Fight Night Champion brings controls back to basics. Now one hit is one button, or tilting the right stick to the side. A separate button is responsible for the block, a separate one for the power modifier of punches, and another one for working on the body (the boxer crouches and delivers the same blows, but lower). As a result, we completely lost the feeling of swinging, but the game became faster and more technical. If you don’t give in to the temptation to win a fight by mindlessly pressing all the buttons at once, then a huge scope for creativity opens up. The main thing is that now it is possible to react very quickly to pressure from any side. The enemy barely begins to probe you with jabs to the left, and you are already extinguishing his activity with a cross. They are trying to get you with an uppercut, and you are already in the clinch – hugging your opponent’s sweaty body with a grin.

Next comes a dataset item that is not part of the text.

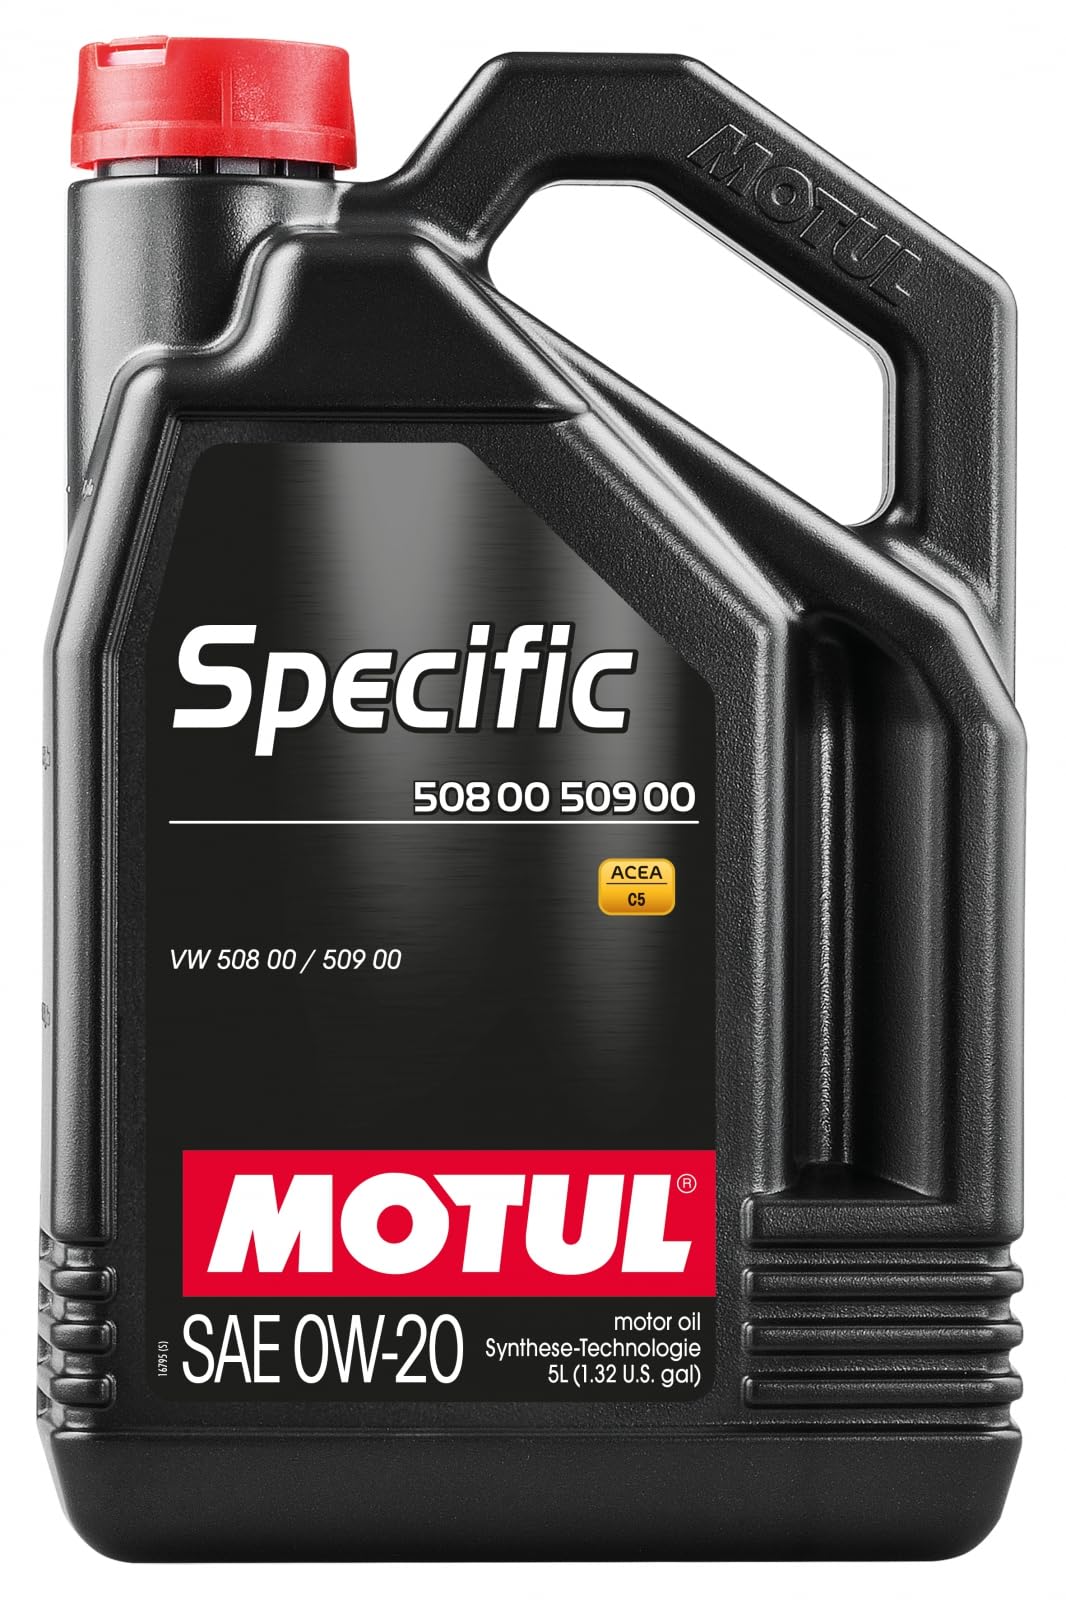 Motul Deutschland GmbH Motoröl Specific 508/509 00 0W-20 5L von MORFOSE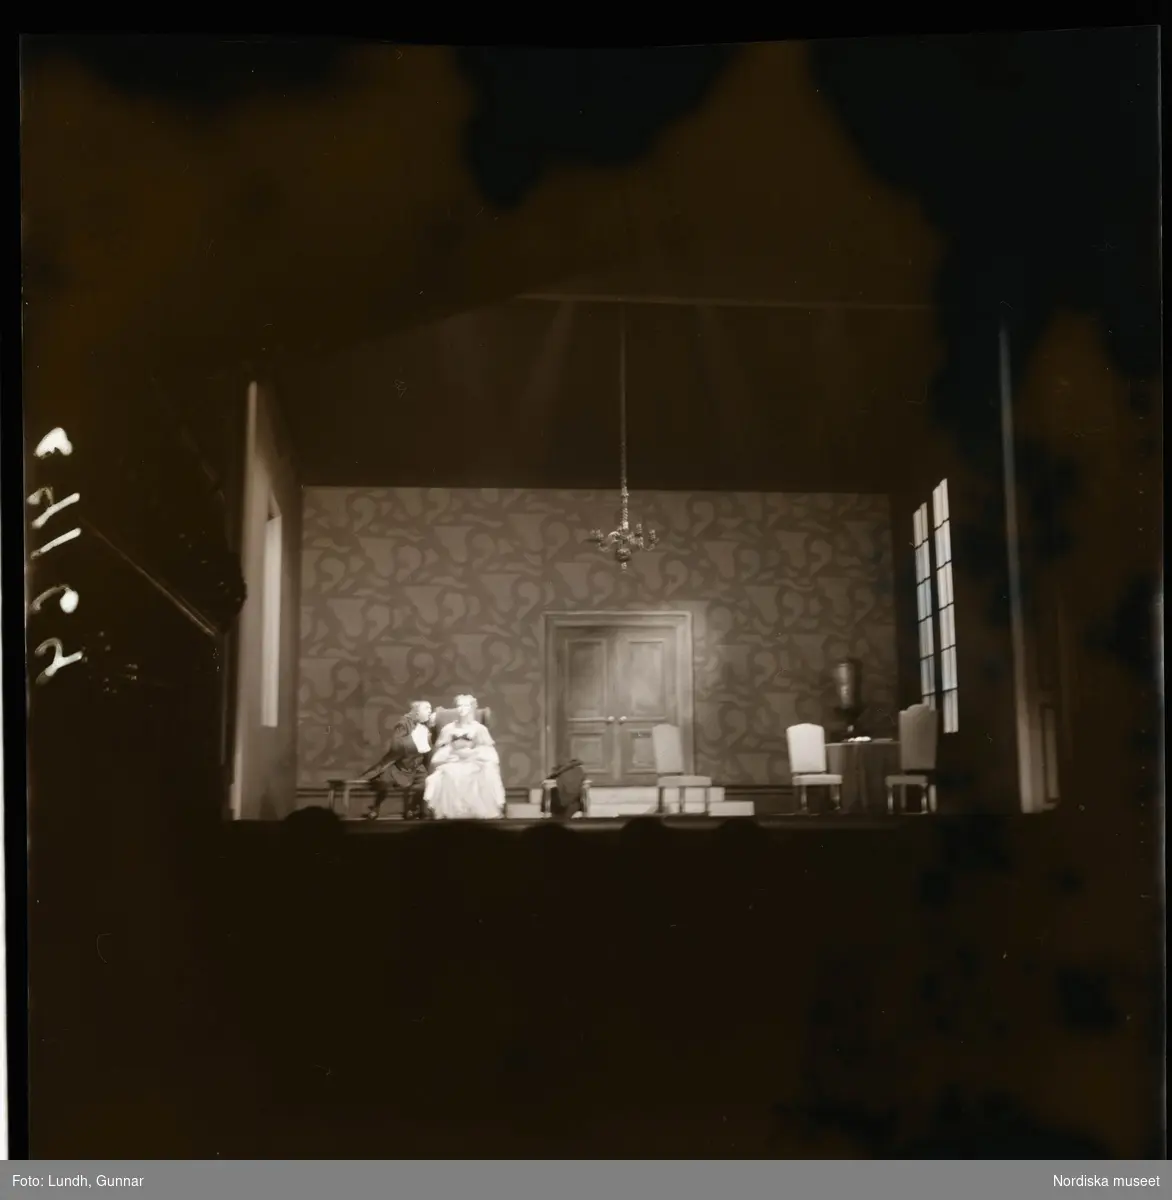 1950. Paris. Två personer på en teaterscen

In online mode and in Legacy Mode, you can find a whole bunch of other cosmetic changes, tweaks and improvements, which, coupled with the new control system, have greatly changed the game. But one thing has remained unchanged – Fight Night is still the best boxing simulator in this part of the Galaxy. Moreover, now this simulator can be called a folk simulator with a clear conscience.
Replay value — Yes
Cool story — Yes
Originality — No
Easy to learn — Yes
Gameplay: 9
Graphics: 9
Sound and music: 8
Interface and control: 8
We waited? The first attempt of boxing simulators to get closer to those who are not interested in boxing in principle. The best part is that the deflection is counted!